Two Cheers for Large Corporations

Large corporations help those of modest incomes by selling low-cost goods to the many. They help employees by providing relatively stable jobs, by offering a discipline that many workers cannot impose on themselves, and providing career opportunities that small businesses frequently do not.  Walmart to me is the paradigm example. It has been partially responsible for the happy fact that the cost of living has been going up more slowly for the those lower on the income scale than those higher. It has employed over a million people and not generally those who have backgrounds in prestigious education or other evidence of high human capital endowment.

But some commentators have doubted whether such large corporations are good for our republic and our civic culture generally.
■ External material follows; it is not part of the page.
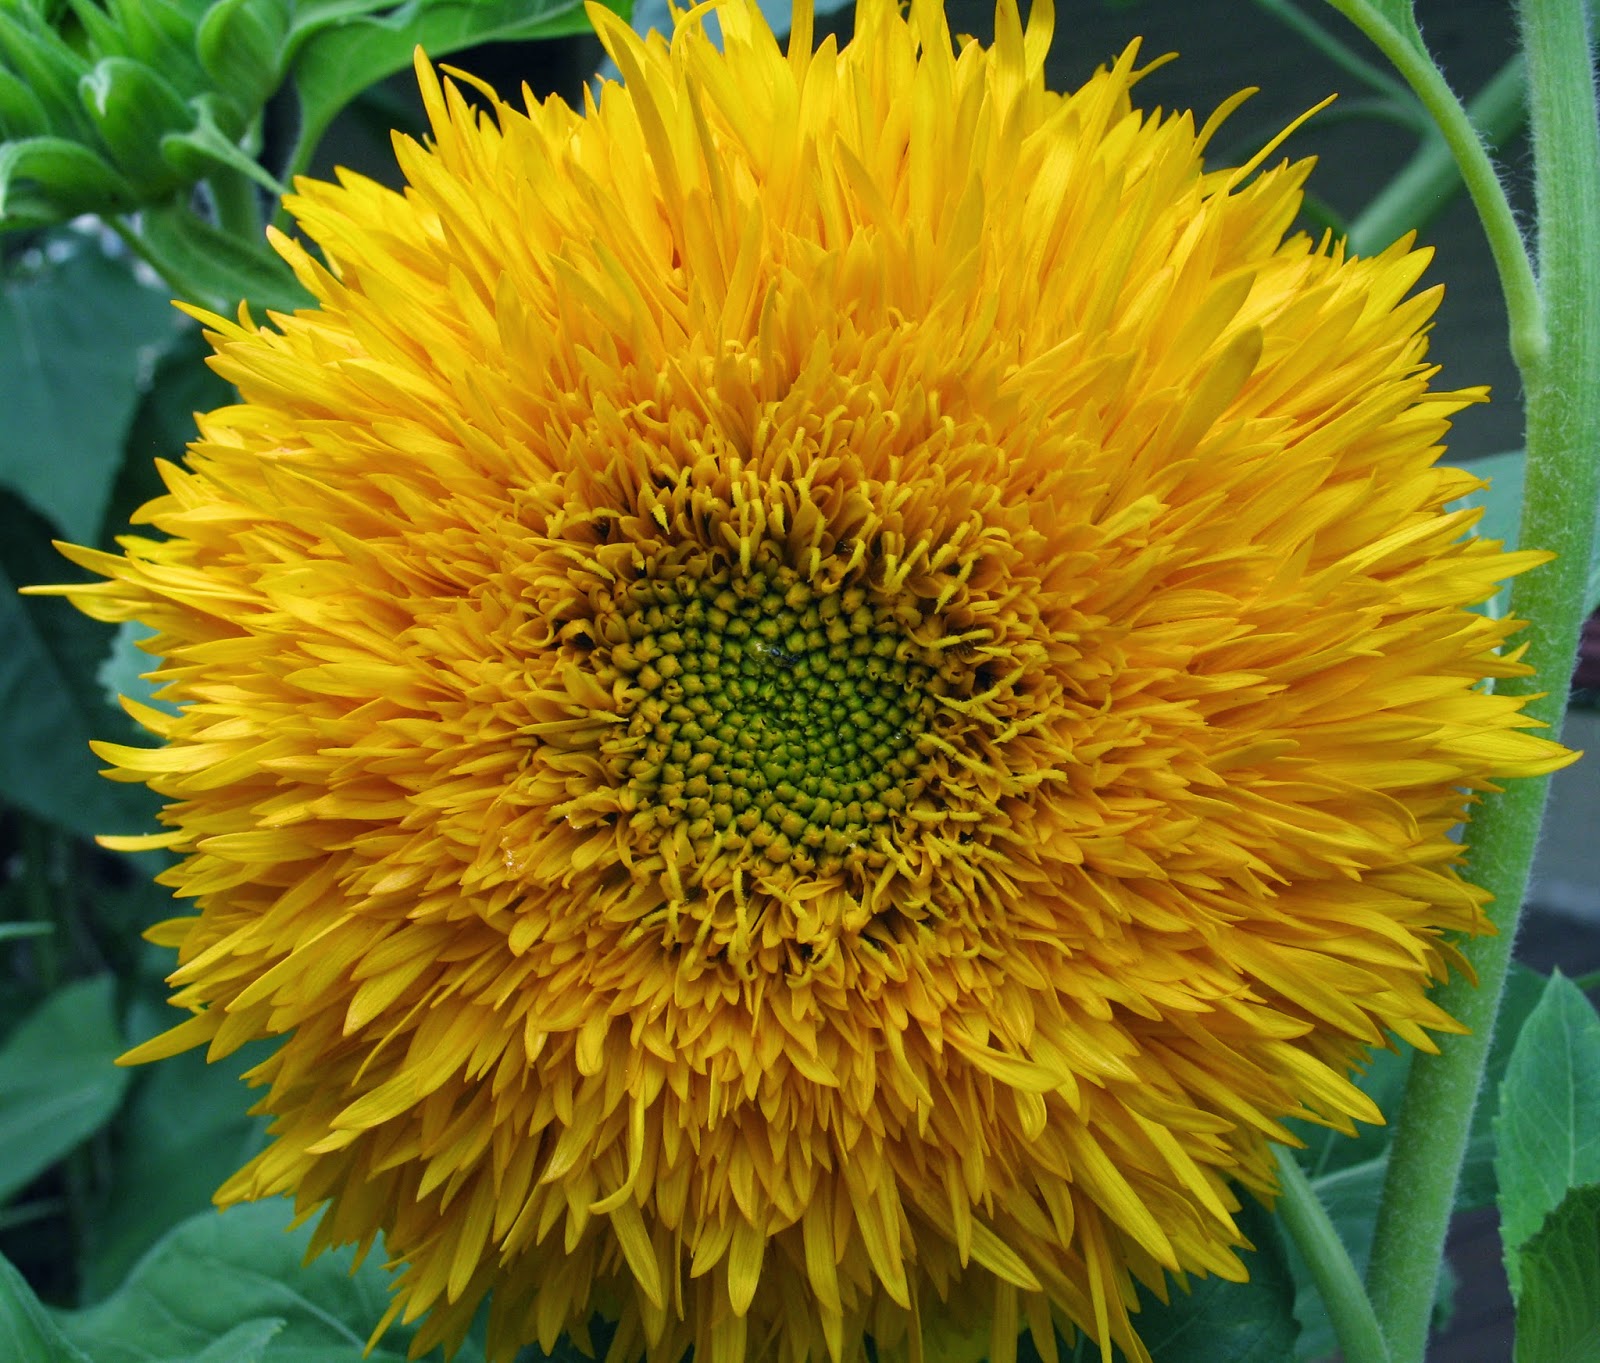 How many petals does a sunflower have?
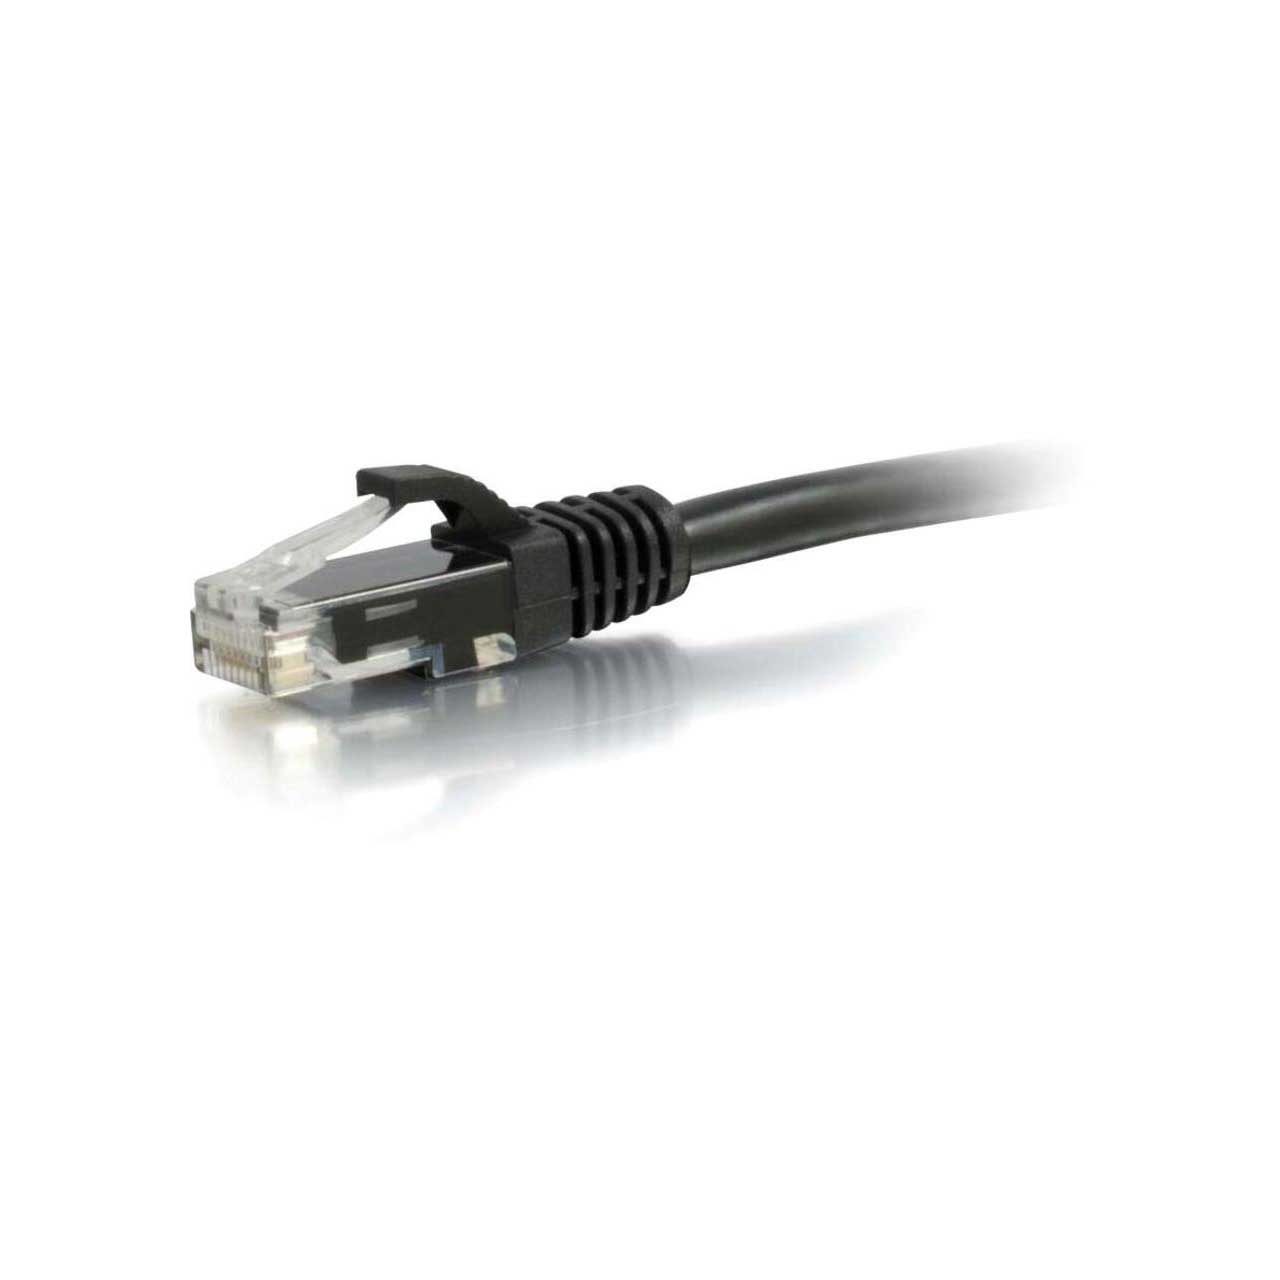 C2G 03985 Cat6 Snagless Unshielded (UTP) Ethernet Patch Cable - Black - 9 Foot CG03985

This concern has deep roots in American history, harking back to the Jeffersonian vision of a nation of sturdy and independent yeoman farmers.  Before the modern era some even thought to make the antitrust law the legal means to sustain an economic world of “small dealers and worthy men.” 

Nevertheless, on balance large corporations are good for our civic culture, at least given the kind of modern government we have. First, these corporations do indeed still promote a work ethic, particularly in a culture where government schools do such a bad job of this. Even modest jobs at companies socialize people into work and get them started on productive life.

Second, large corporations offer the closet approximation many people will have to civic associations of the kind Tocqueville celebrated.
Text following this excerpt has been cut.